These pirates aren't nearly as elegant or gentlemanly as the ones in the movies. Another big difference from the 19th century is that the pirates of yore focused on treasure on the captured ships - today's pirates hold the crews for ransom for cash.


----------



## Dhaller (Jan 20, 2008)

Awesome indeed! I can't wait to see the movie.

I've spent a good bit of time in the Philippine and Indonesian archipelagos, which share 35,000 islands between them, most of them uncharted; there's always been a good amount of piracy there, though nothing of the kind of organization or high-seas scale of the Somalis. Crews are always vigilant in those waters, though.

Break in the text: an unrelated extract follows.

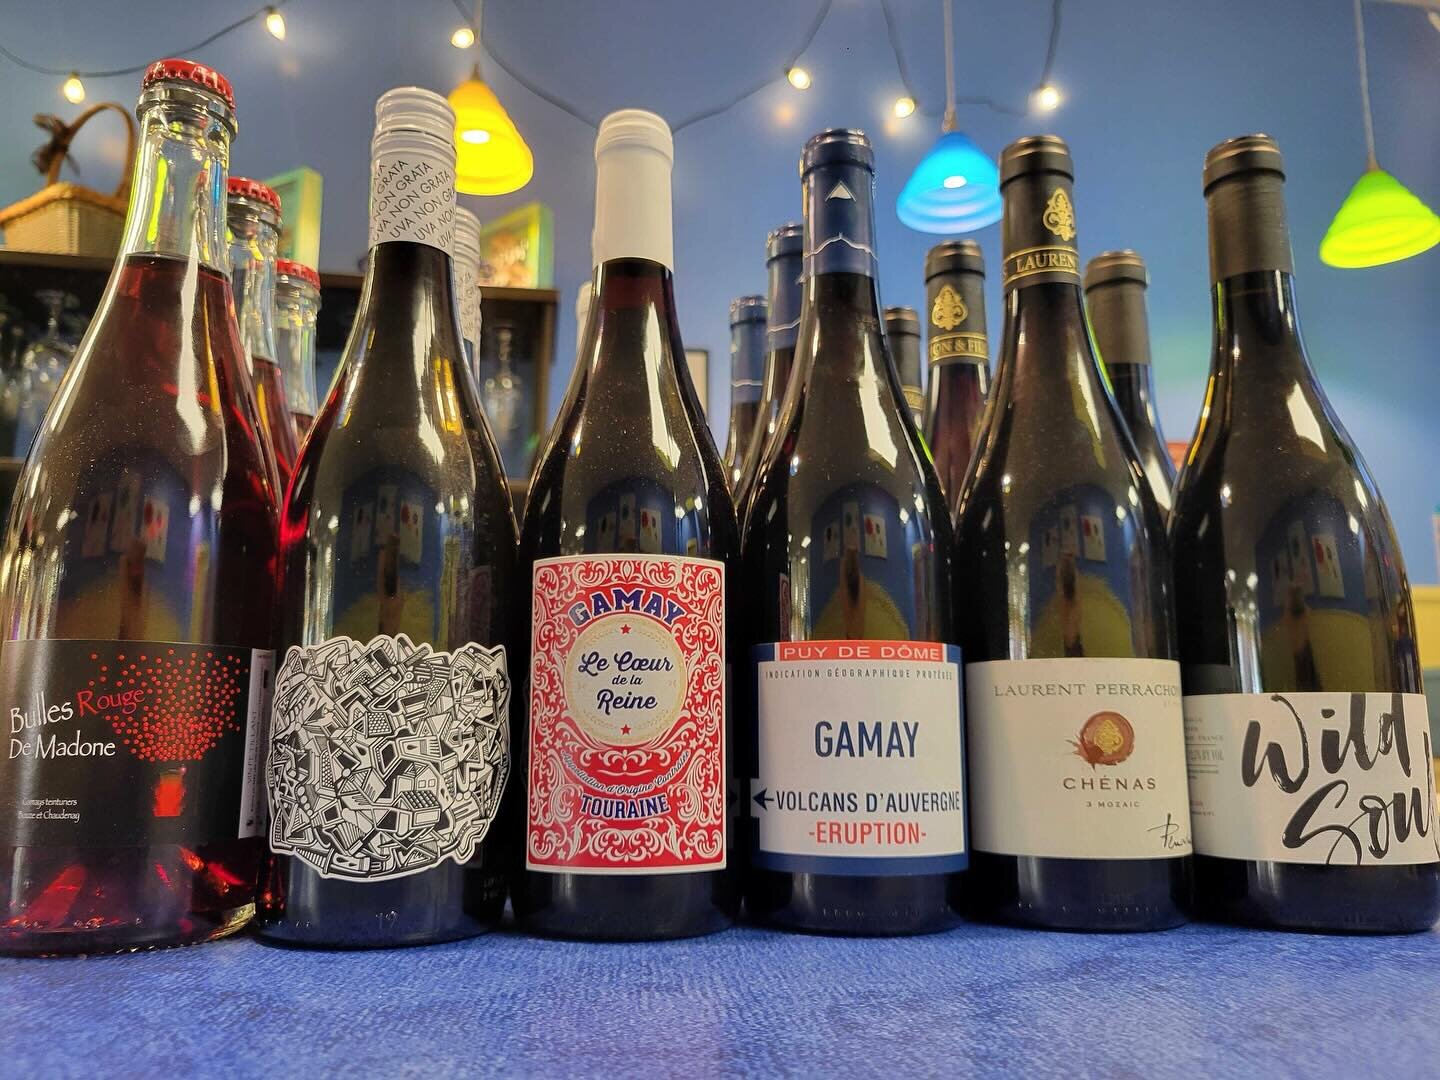 &ldquo;What is Gamay?&rdquo; 

Gamay is the grape variety most closely associated with Beaujolais, the wine region south of Burgundy. There, Gamay is made into red wine that ranges from bright and fruit-forward to surprisingly age-worthy. No matter w

My understanding is that modern pirates are among the most desperate and dangerous people imaginable, so I'm certainly pleased by the happy outcome of this episode.

DH


----------



## Bartolo (Mar 2, 2009)

The pirates don't seem that "desperate," as plenty of ship owners are paying the ransoms. It sounds like they have an entire fleet of captured ships of all shapes and sizes, and literally piles of money.


----------



## jackmccullough (May 10, 2006)

I suspect it's kind of expensive to have $20 or 30 million in Somalia.


----------



## eagle2250 (Mar 24, 2006)

If those Somali' pirates knew they faced certain death, each time they initiated one of their acts of piracy/terrorist acts on the high seas, they just might be more inclined to find other means of employment! Kudos to the Navy SEALS!


----------



## ksinc (May 30, 2005)

I'm very happy with this. It appears that Obama did marvelously. He waited patiently; authorized the proper strategy and let the military do their thing. Whether this will deter other attacks seems like a reasonable debate, but certainly it could have invited future attacks. Well done, Mr. President. This is one of the good things I hope for regarding Obama; and while I am distraught at some of his policies I never thought he would lay down; simply from observing the way he treats his family. I think some of the things he is doing with continuing some Bush policies that are controversial also prove he's growing into the Presidency. If only he was a better, or more experienced, Administrator ... he is ill-served by staff and cabinet. Gates (the holdover) is doing the honorable thing.


----------



## smujd (Mar 18, 2008)

ksinc said:


> I'm very happy with this. It appears that Obama did marvelously. He waited patiently; authorized the proper strategy and let the military do their thing.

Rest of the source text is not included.